Given material

· · · · · · ·

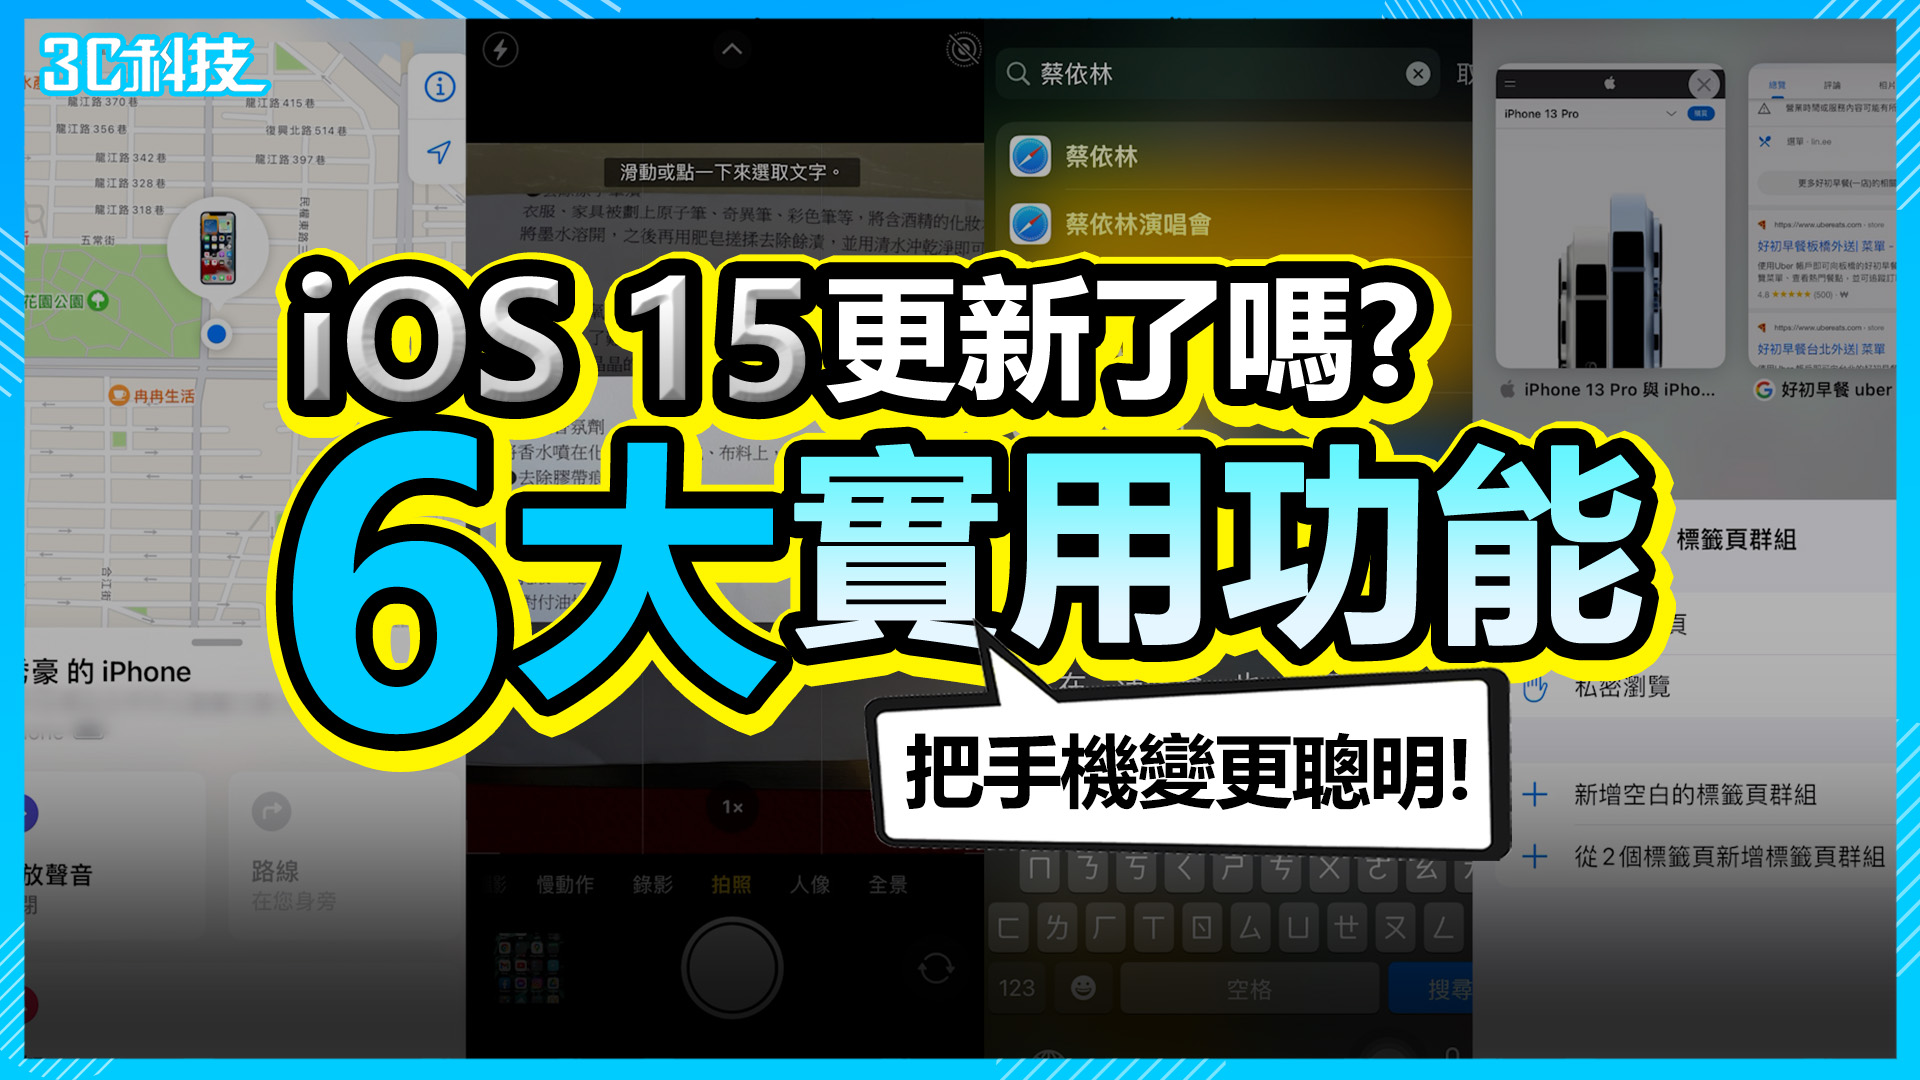 iOS 15 更新了嗎？ iPhone 6 大全新實用功能快學好學滿
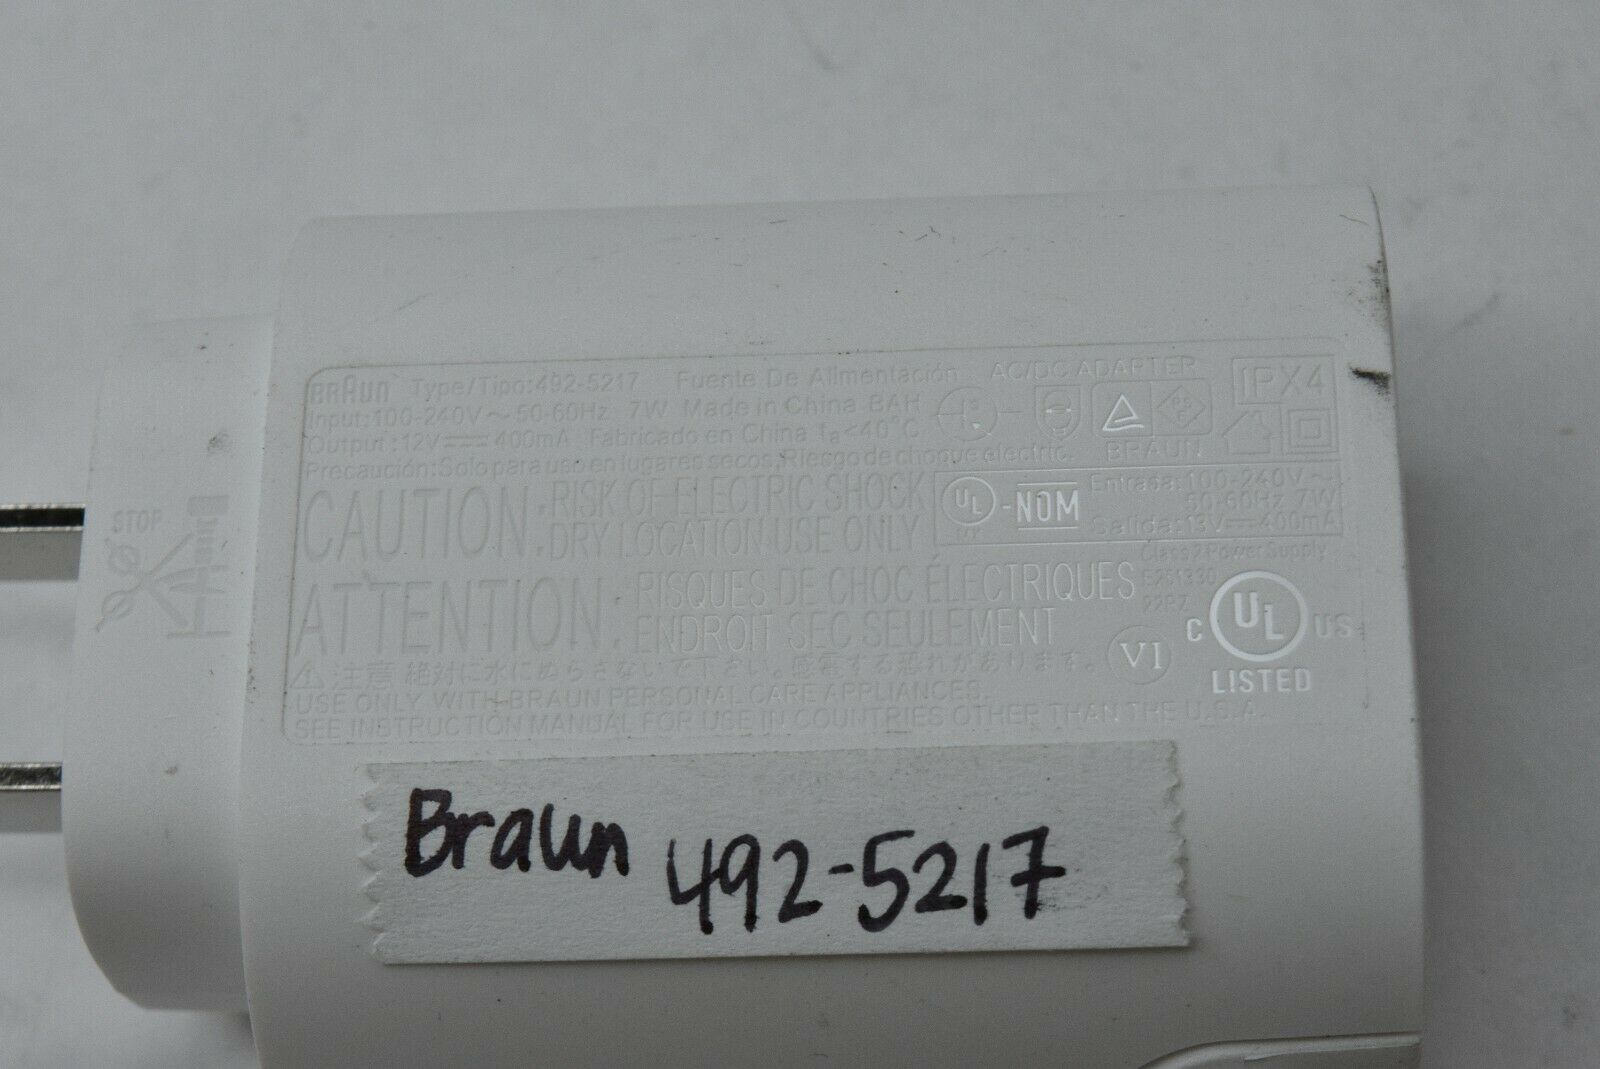 Braun AC/DC Adapter Power Supply Unit 492-5217 12V 400mA Type: AC/DC Adapter Output Voltage: 12 V Brand: Braun Br
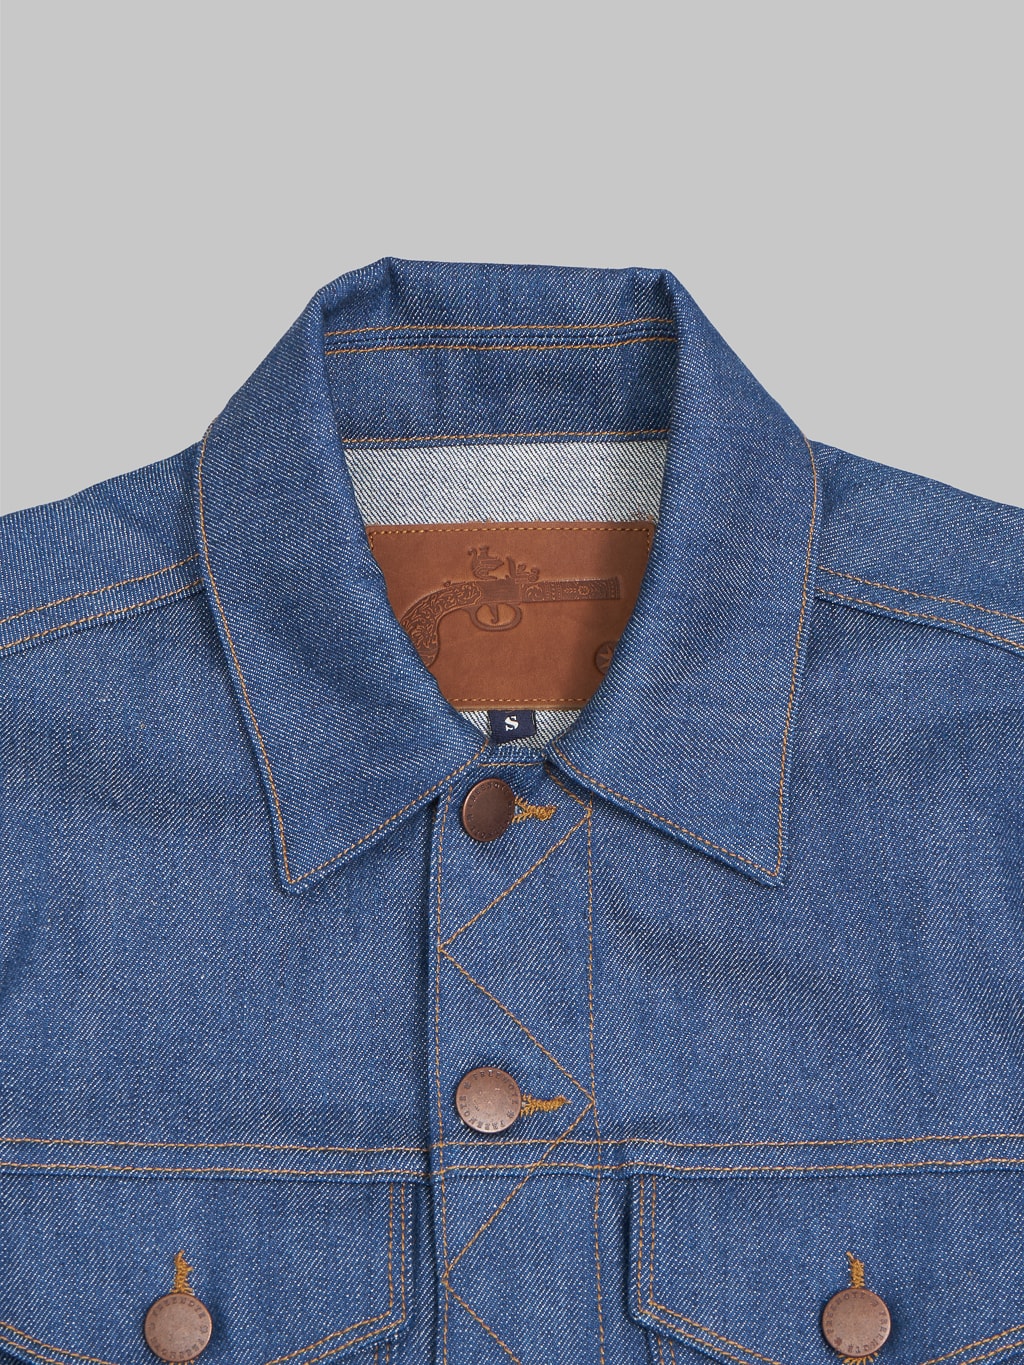 freenote cloth classic denim jacket vintage blue denim collar details

· · · · · · ·

Leaving out the pictures, output each line above exactly as it is.

Solution below
 iOS 15 更新了嗎？ iPhone 6 大全新實用功能快學好學滿
 Braun AC/DC Adapter Power Supply Unit 492-5217 12V 400mA Type: AC/DC Adapter Output Voltage: 12 V Brand: Braun Br
 freenote cloth classic denim jacket vintage blue denim collar details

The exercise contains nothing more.